Print out the data below in full and exactly, skipping the pictures.

DATASET EXTRACT:

-.-.-

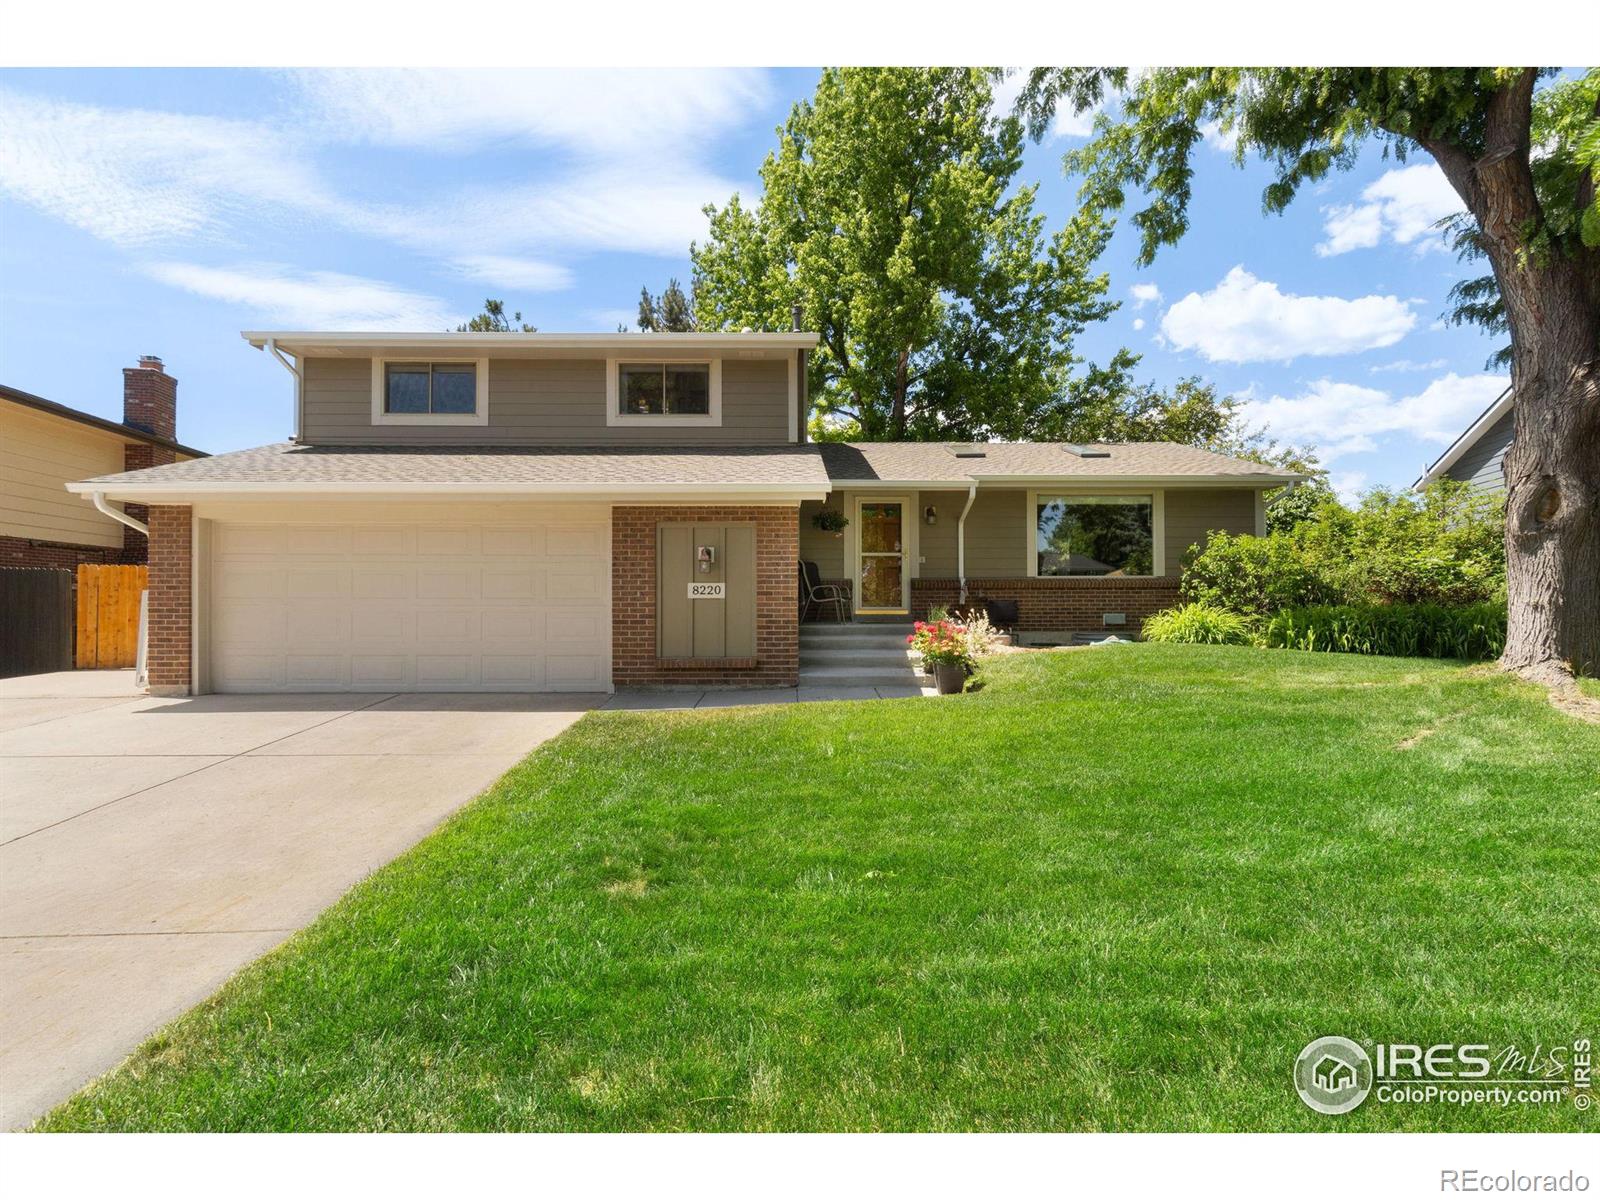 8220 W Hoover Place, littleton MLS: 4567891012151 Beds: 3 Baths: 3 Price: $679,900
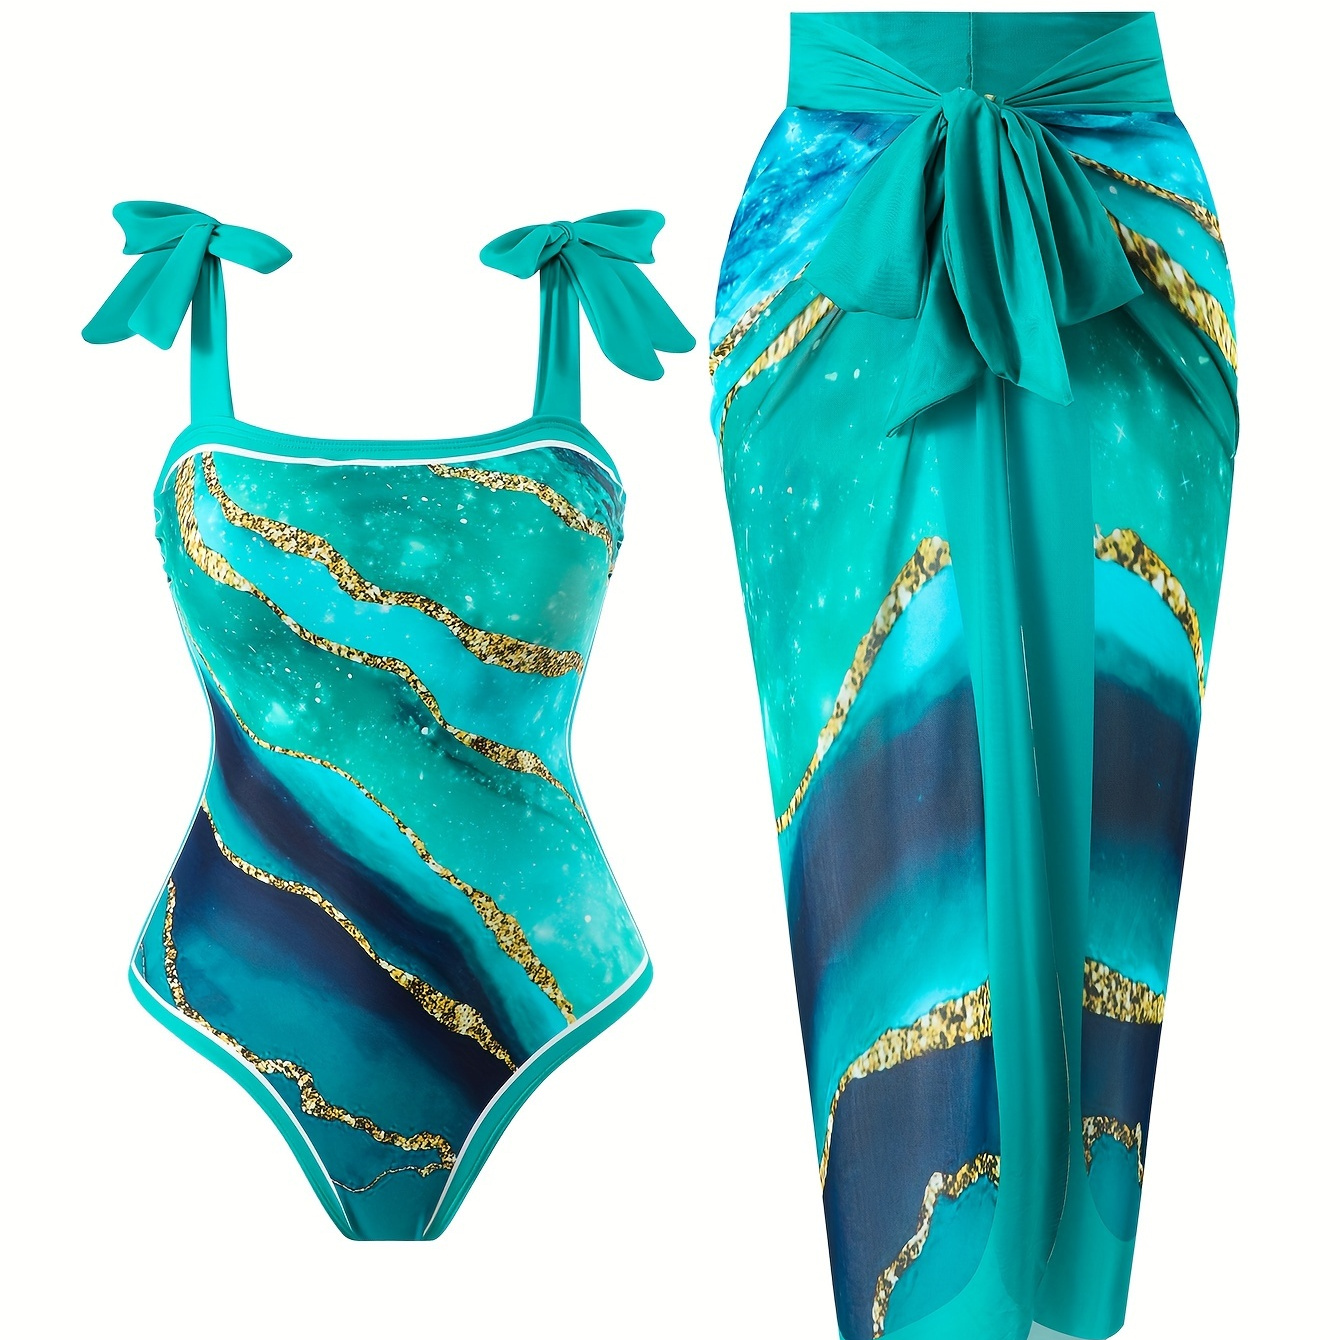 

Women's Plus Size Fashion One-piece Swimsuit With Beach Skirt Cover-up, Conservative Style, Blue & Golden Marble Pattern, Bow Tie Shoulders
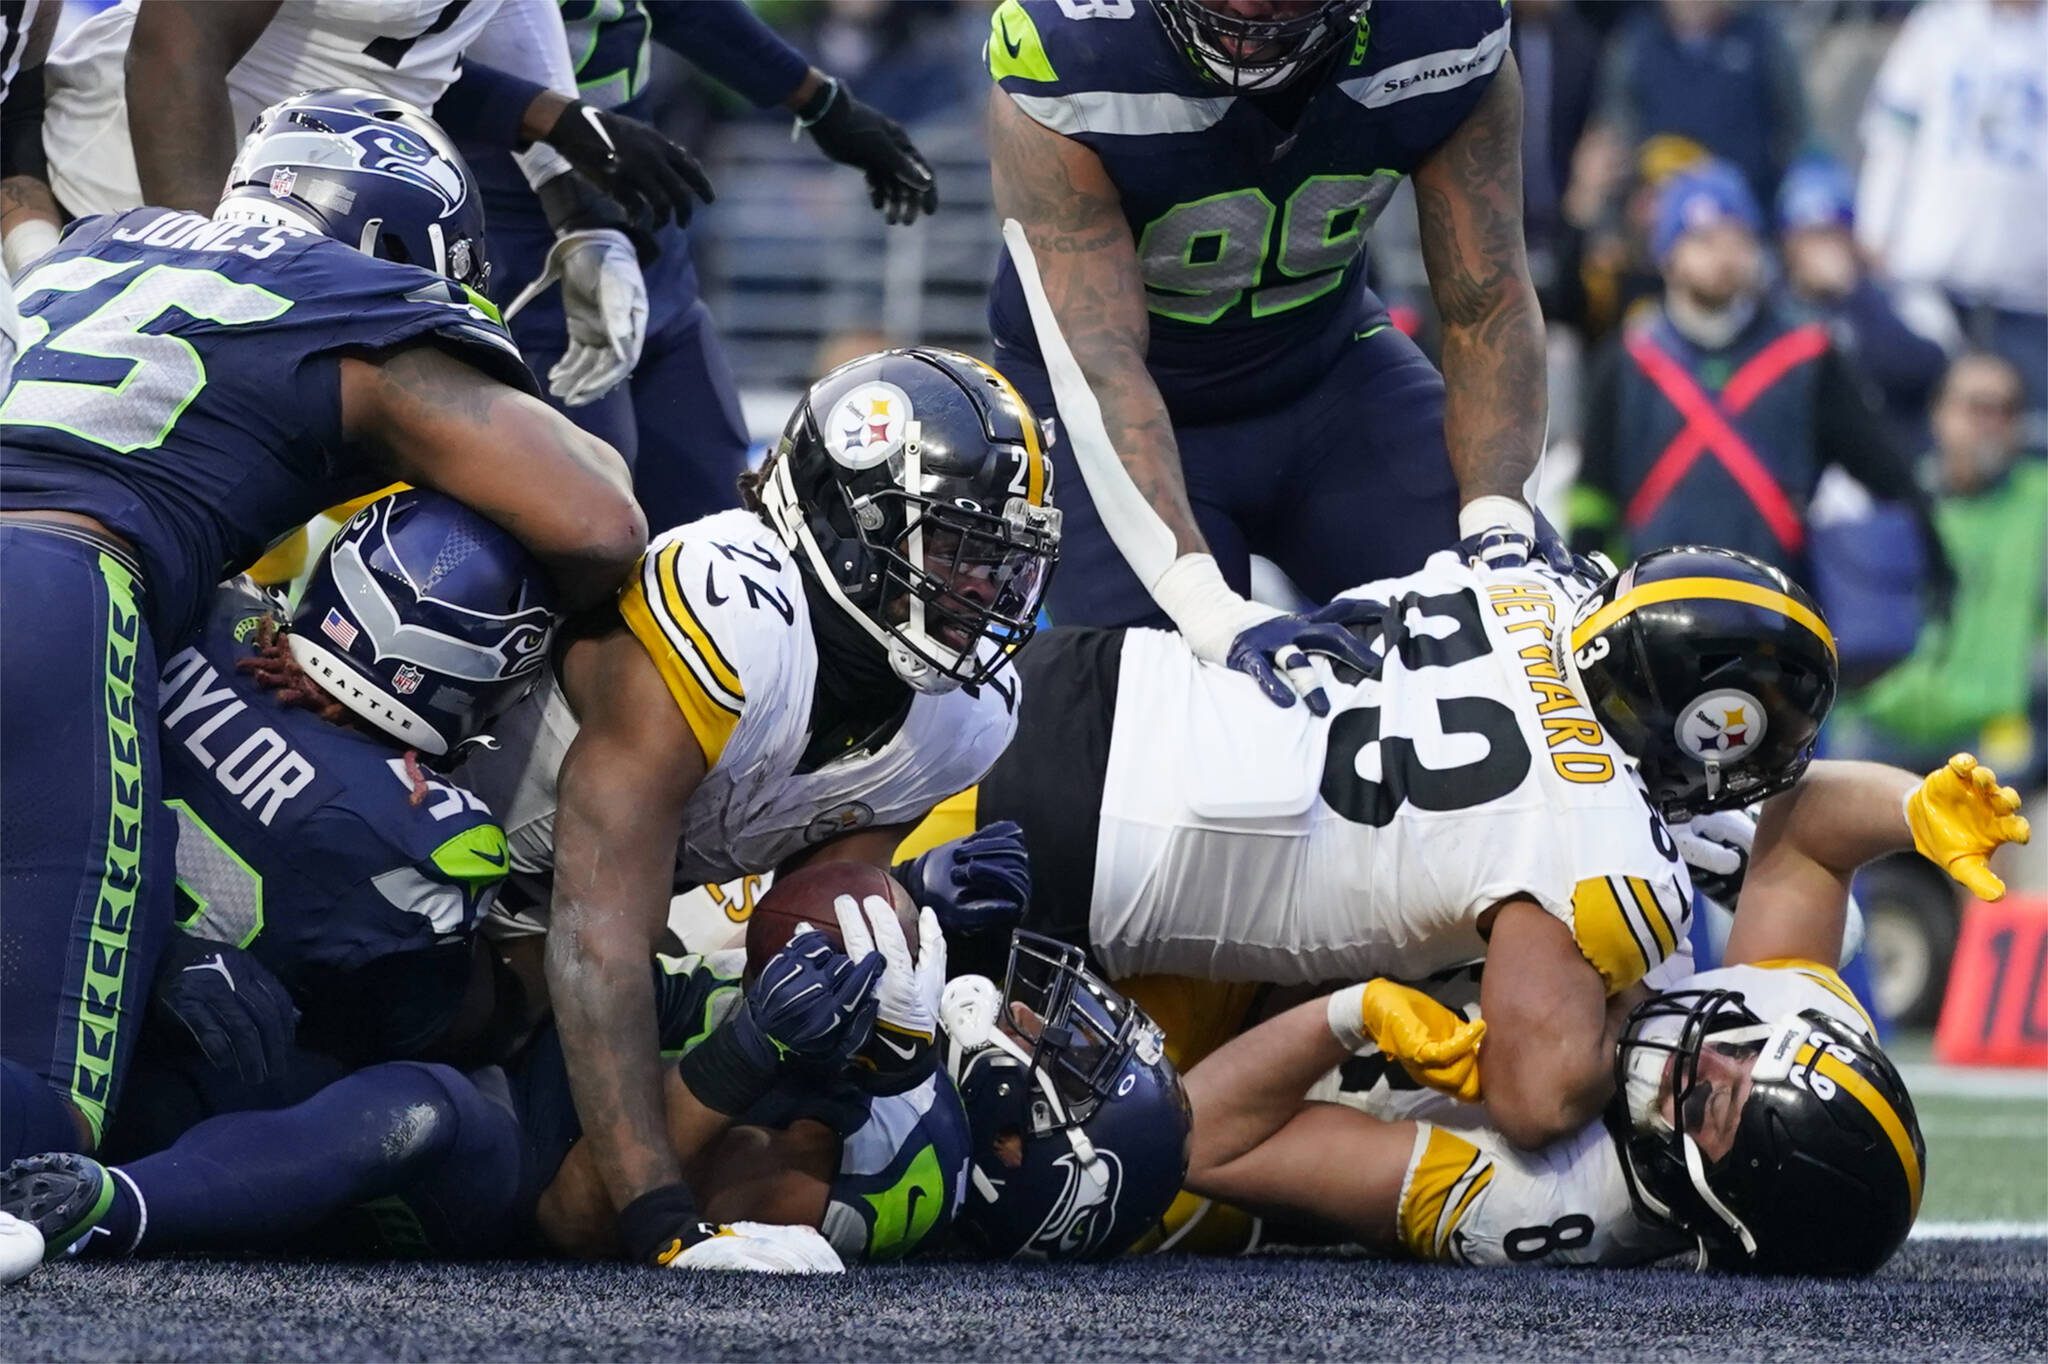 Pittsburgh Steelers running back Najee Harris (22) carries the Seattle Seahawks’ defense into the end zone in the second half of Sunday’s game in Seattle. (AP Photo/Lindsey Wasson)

-.-.-

COMPLETED EXERCISE:
 8220 W Hoover Place, littleton MLS: 4567891012151 Beds: 3 Baths: 3 Price: $679,900

Women's Plus Size Fashion One-piece Swimsuit With Beach Skirt Cover-up, Conservative Style, Blue & Golden Marble Pattern, Bow Tie Shoulders
 Pittsburgh Steelers running back Najee Harris (22) carries the Seattle Seahawks’ defense into the end zone in the second half of Sunday’s game in Seattle. (AP Photo/Lindsey Wasson)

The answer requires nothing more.